Casper CBC uses the correct-by-construction (CBC) protocol. This means the solution has been modeled mathematically to ensure that all of the required functionality will be delivered and the correct behavior exhibited.
With Vitalik Buterin playing a key role in the design, Casper is currently closely associated with Ethereum. Newer blockchain platforms such as RChain are implementing their own version of the Casper protocol based on Casper CBC.
Proof of Stake is not perfect. Consider the scenario where we have a branch in the chain. With a PoW implementation the longest chain always wins, but with a simple implementation of Proof of Stake, a validator could place a Stake, often called a ‘Bet’, on blocks in both branches. This is called the “Nothing at Stake” problem as there is no penalty for betting on two outcomes. Casper forces a Validator to choose by punishing malicious behavior such as betting on two competing blocks.
Punishment takes the form of the ‘Bet’ being kept by the system. This is called Slashing and a comprehensive set of rules has been defined for Casper. It’s likely that implementations of Casper not running on Ethereum will define their own Slashing rules.
Challenges with Casper
For new platforms built on PoS, it brings an immediate reduction in energy consumption and huge potential for performance improvements over existing platforms. But it’s not without its challenges.

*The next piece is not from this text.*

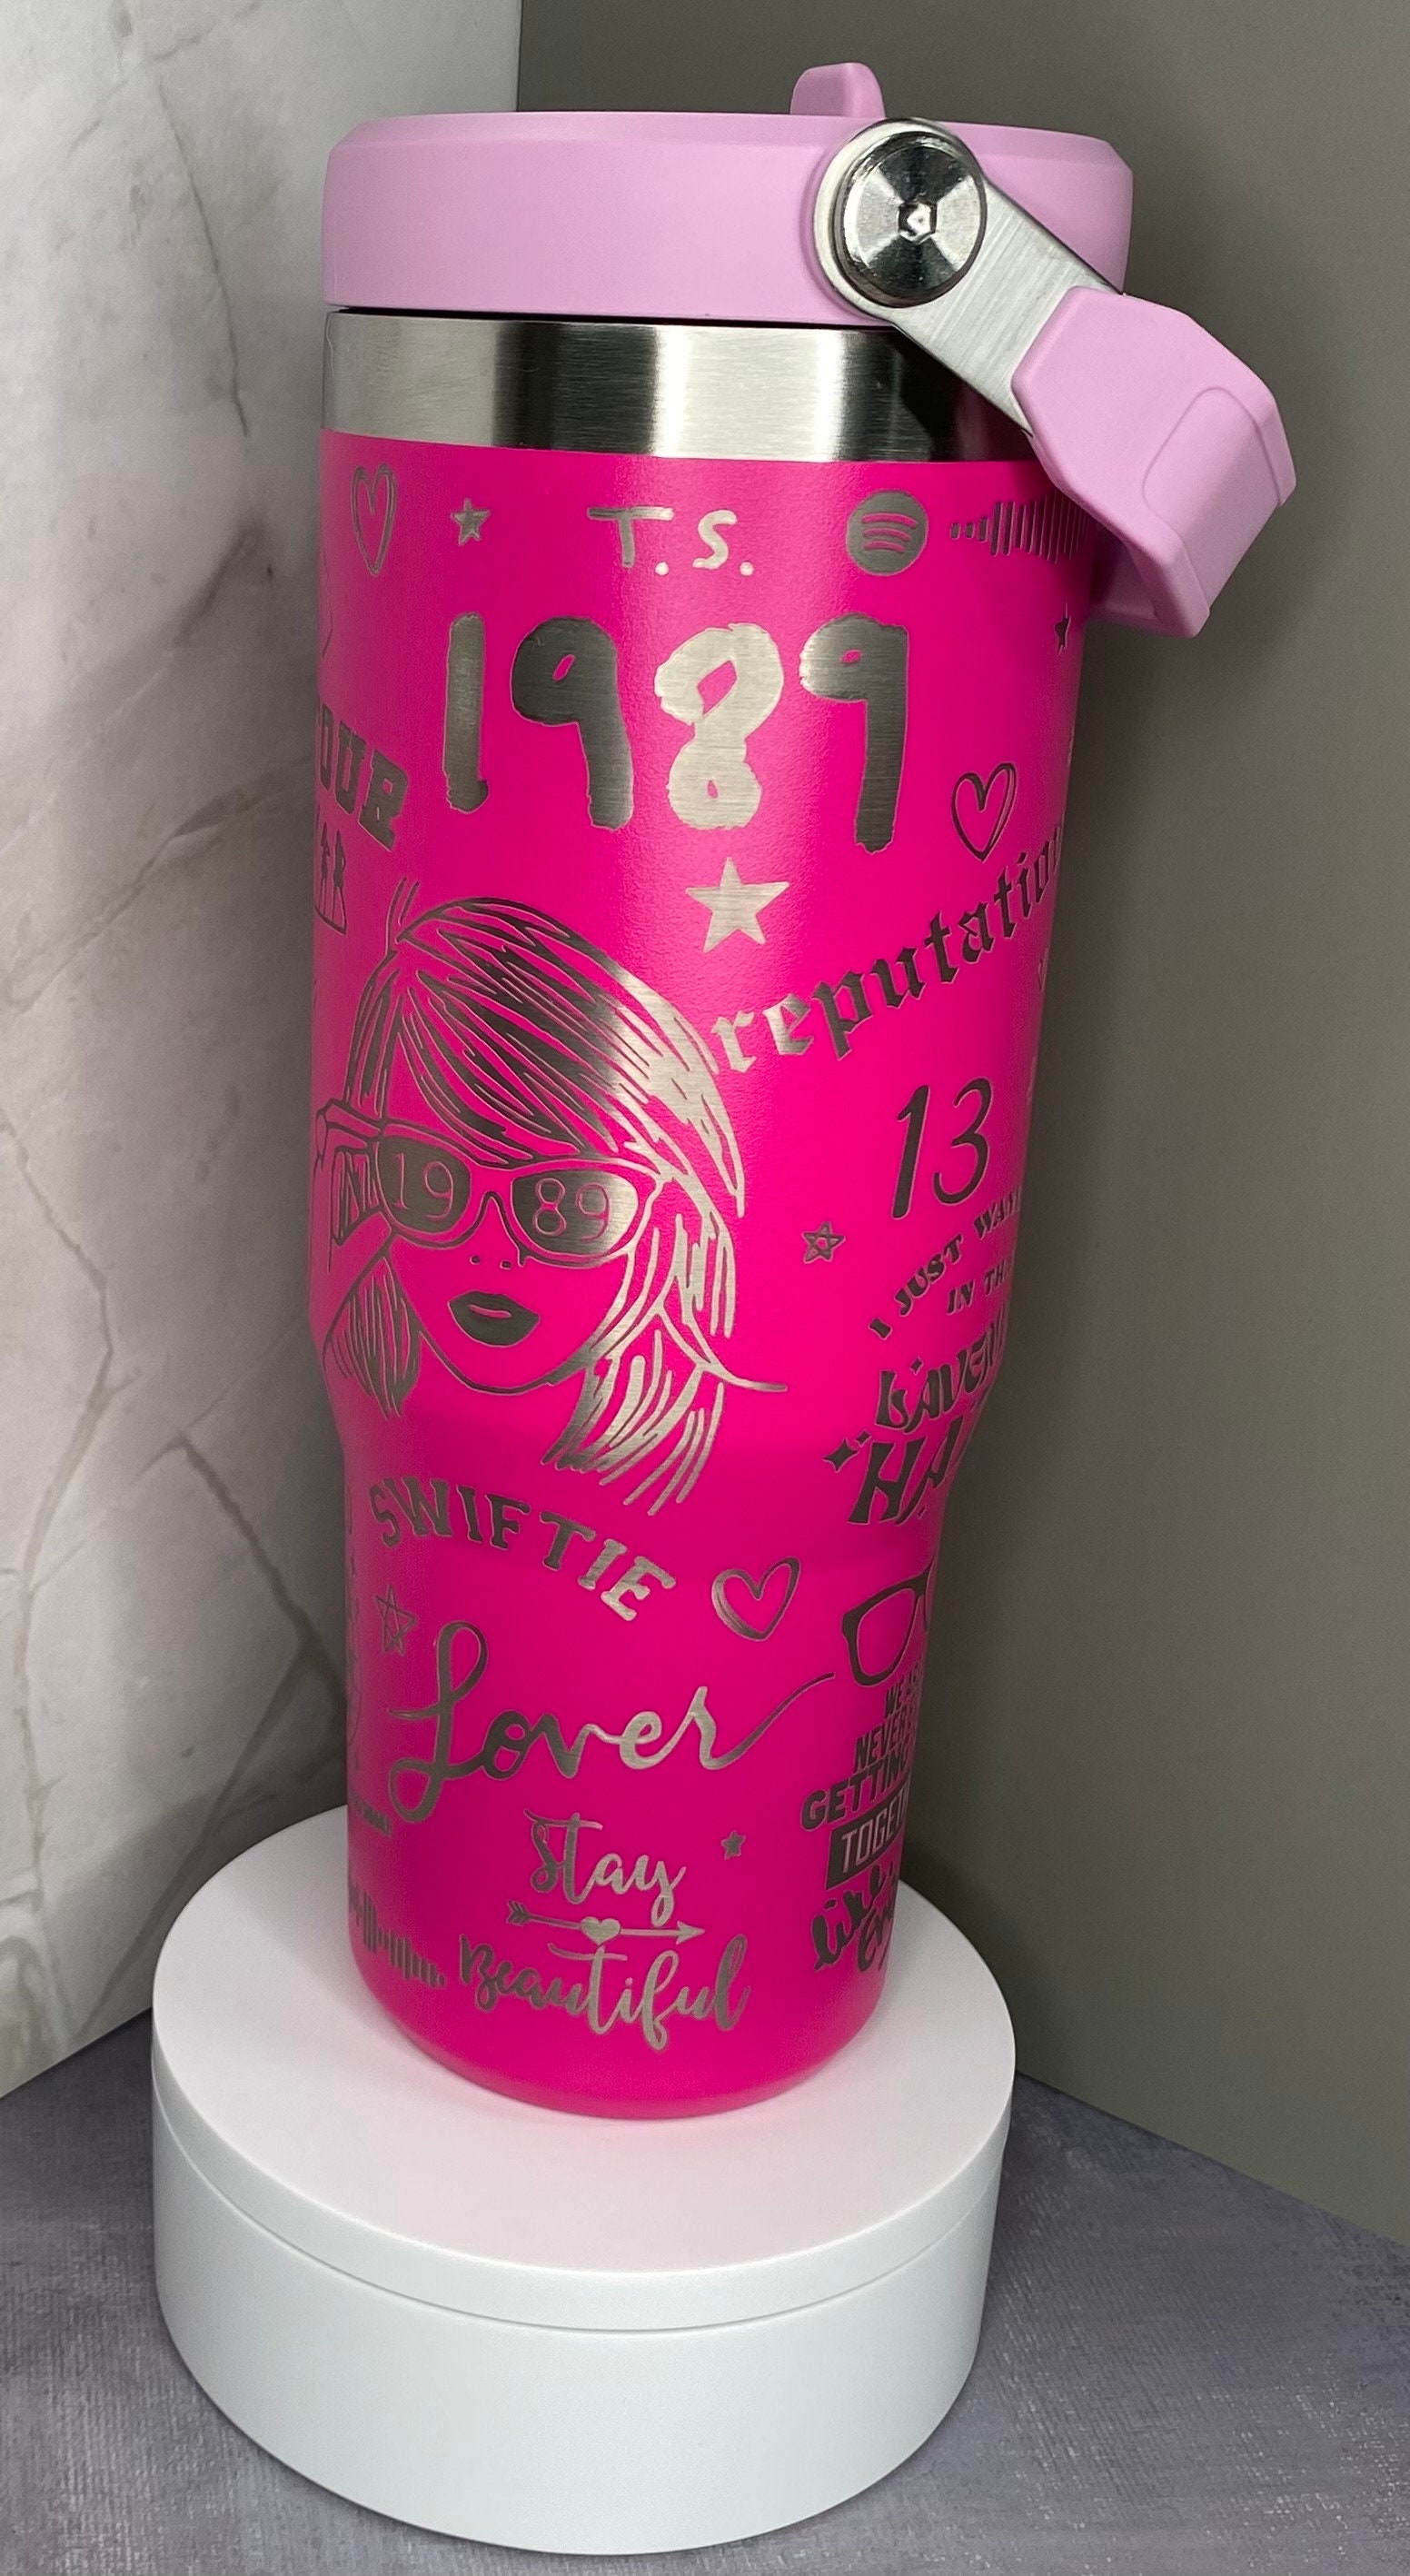 New Taylor Swift design! Only 2 30oz cups left in stock

The most common issue raised with PoS is that weighted voting favors those with wealth. The more you can afford to risk the more you can potentially earn, and the greater say you have in which Block is written next.
The goal of Slashing is to penalize bad actors, but determining what is malicious and what is not is no simple task. With potential Slashing conditions including metrics such as “Number of blocks validated”, slower hardware could be penalized as pools of high-performance machines raise the productivity bar. Uptime can also be a factor.
Whereas new platforms like RChain can launch with a PoS model, Ethereum has Miners who are invested in the current process. The complexity of moving from PoW to PoS cannot be overstated. This is a fundamental change to how their platform works. Think of it like changing the engine on a $77B car in the middle of a race. It’s expected that Ethereum will launch Casper FFG soon, which will mean that PoW mining will continue but every 50th Block will be a PoS checkpoint. In the short term, this means no performance increase or reduction in energy consumption, but it does reduce the risk of a 51% attack. Being a Trailblazer comes at a cost**.
Finally, Casper will require validators to hold onto significant amounts of Cryptocurrency in order to have a Stake, which could affect the market price and liquidity of the associated cryptocurrency.
And finally, yes, Vitalik Buterin did name it Casper after the cartoon ghost.
* For completeness, GHOST (Greedy Heaviest Observed Subtree) is a chain selection method to ensure when there is a branch in the chain, all future mining is focused on the correct branch.
** As far as I know, Bitcoin has no plans to implement PoS.